Here's my go.
#include <random>
#include <vector>
#include <cstdio>
/*
Draw a enadom number form the hypergeomtric distribution (sampling
from a bi-valued population without replacement)
rndengine - a random number generator engine
Ngood - number of positives in the population
Nbad - number of negatives in the population
Nsample - number of samples to take (less than or equal to Ngood + Nbad)

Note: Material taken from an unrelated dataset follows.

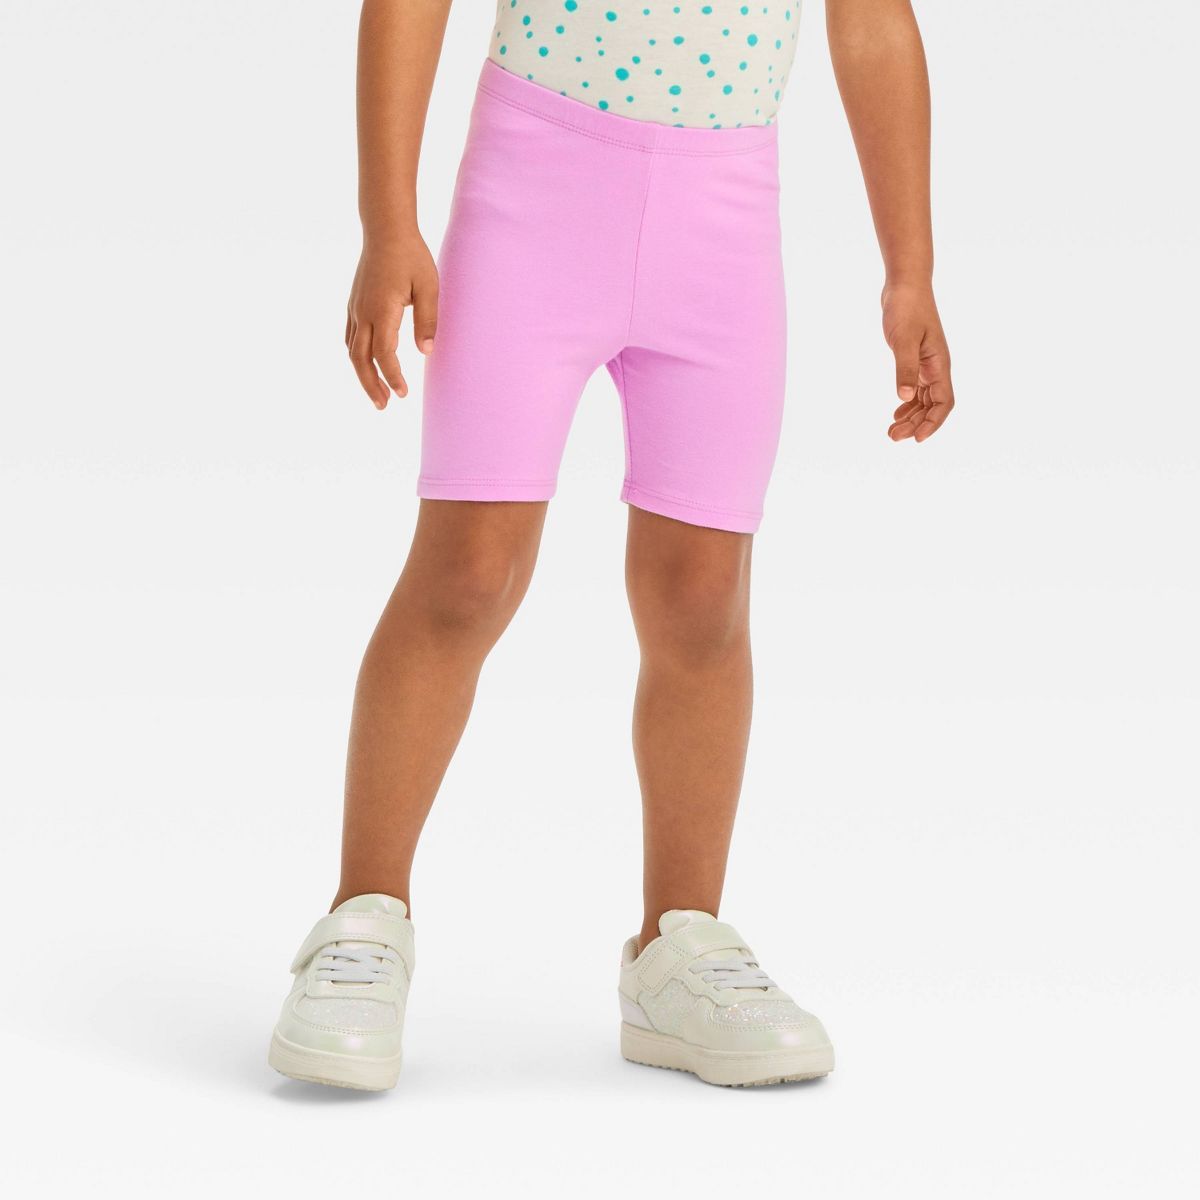 Toddler Girls' Verve Shorts - Cat & Jack™ Violet 18M | Target

Returns: the number of "good" elements drawn, randomly.
*/
template<class rndengine>
int rand_hypergeometric(int Ngood, int Nbad, int Nsample, rndengine &eng)
{
int answer = 0;
std::uniform_real_distribution<double> distr(0, 1);
for (int i =0; i < Nsample; i++)
{
double p = distr(eng);
if (p < ((double)Ngood)/(Ngood + Nbad))
{
answer++;
Ngood--;
}
else
{
Nbad--;
}
}
return answer;
}
/*
Recursive randunique function
out - vector to collect results
Nsamples - number of samples to take
Npopulation - size of population
indexbase - fiddle to have populations not starting from 0, pass 0 at top level.
eng - the random number engine
*/
template<class rndengine>
void randunique_r(std::vector<int> &out, int Nsamples, int Npopulation,
int indexbase, rndengine &eng)
{
if (Nsamples == 0)
return;
std::uniform_int_distribution<int> distr(0, Npopulation -1);
int i = distr(eng);
int Nsampleslow = rand_hypergeometric(i, Npopulation - i -1, Nsamples-1, eng);
randunique_r(out, Nsampleslow, i, indexbase, eng);
out.push_back(i + indexbase);
randunique_r(out, Nsamples - Nsampleslow -1, Npopulation - i -1, indexbase + i, eng);
}
/*
Draw a set of unique random samples from a population
Nsamples - the number of elemnts to choose.
Npopulation - the population size
eng - the random number engine
Returns: vector with indices of chosen members, sorted ascending.
*/
template<class rndengine>
std::vector<int> randunique(int Nsamples, int Npopulation, rndengine &eng)
{
std::vector<int> answer;
randunique_r(answer, Nsamples, Npopulation, 0, eng);
return answer;
}
int main(void)
{
std::mt19937 engine(123);
std::vector<int> result = randunique(10, 20, engine);
for (int i =0; i <result.size(); i++)
printf("%d, ", result[i]);
printf("\n");
return 0;
}
Not very efficient. But the rand_hypergeometric functon is written naively.
It can be rewritten to run a lot faster, though this isn't easy.